Engagement with Interactive Environments

LATS also demonstrated notable performance in WebShop environments, achieving enhanced task scores and success rates. The ability to incorporate both web search and API calls as acting strategies highlights its adaptability to dynamic, information-rich contexts that extend beyond scripted interactions.

Figure 3: Ablation results on LATS and baseline variants in HotPotQA, indicating various configurations and impact on exact match rates. We sample n=5 and k=50 trajectories.

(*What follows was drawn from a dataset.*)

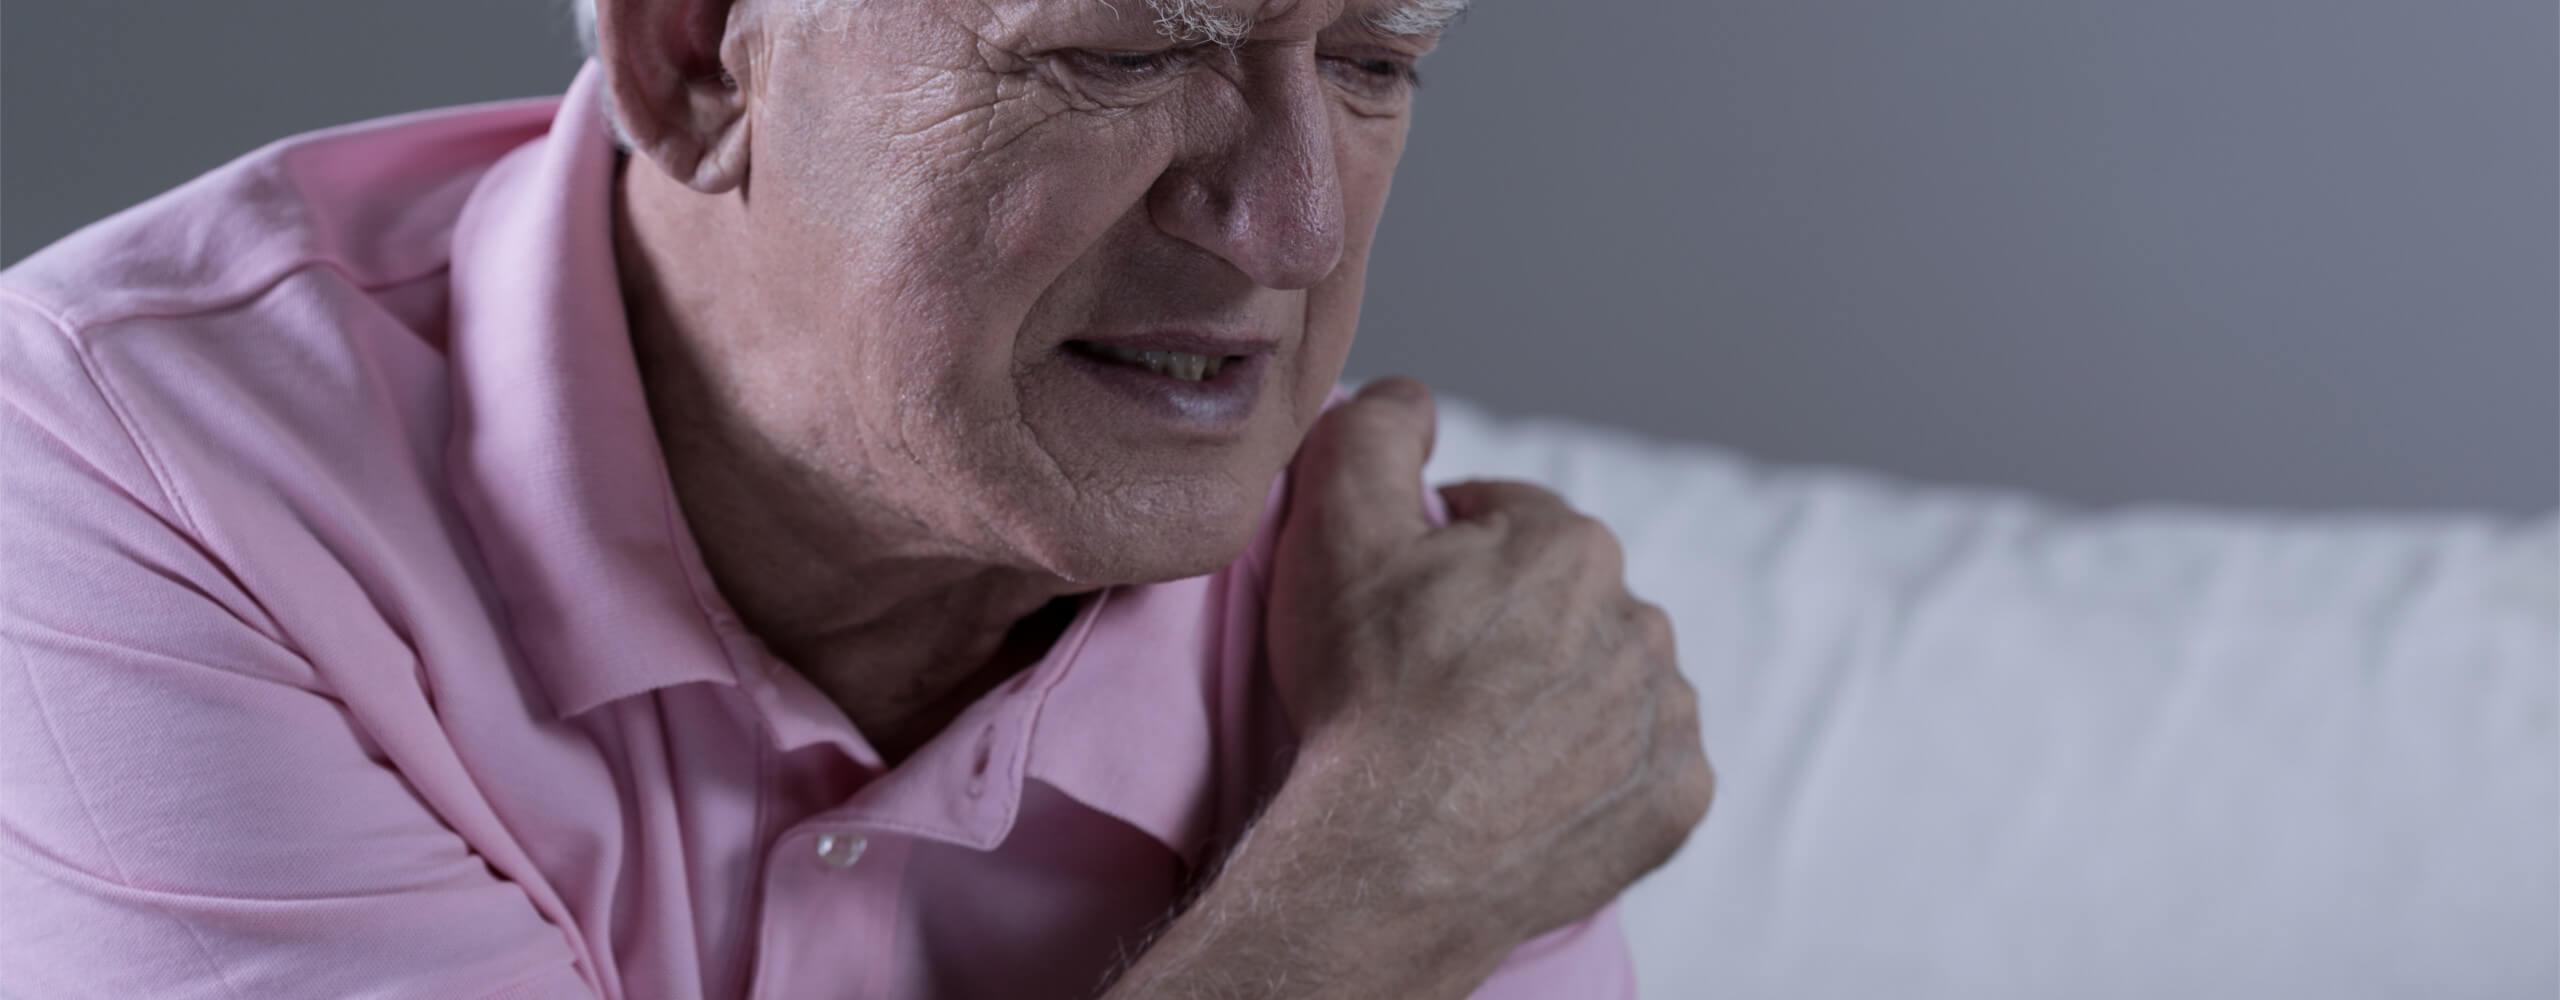 common shoulder pain relief

Implications and Future Directions

The introduction of LATS broadens the applicability of LLMs in real-world situations requiring adaptive reasoning and planning. Its design allows for greater exploration space in problem-solving, notably moving beyond the static response patterns of earlier models. Future work may focus on optimizing computational efficiency and extending LATS to even more complex open-world tasks, potentially integrating richer modalities and diverse input sources.

Conclusion

The proposed LATS framework represents a significant methodological advancement in the deployment of LLMs for reasoning and decision-making. By pioneering an approach that harmoniously combines reasoning, acting, and planning, LATS lays foundational work toward creating more autonomous, intelligently guided LLMs for an extensive array of applications. The framework's success across multiple domains indicates its robustness and sets the stage for further research in enhancing the decision-making capabilities of AI agents powered by LLMs.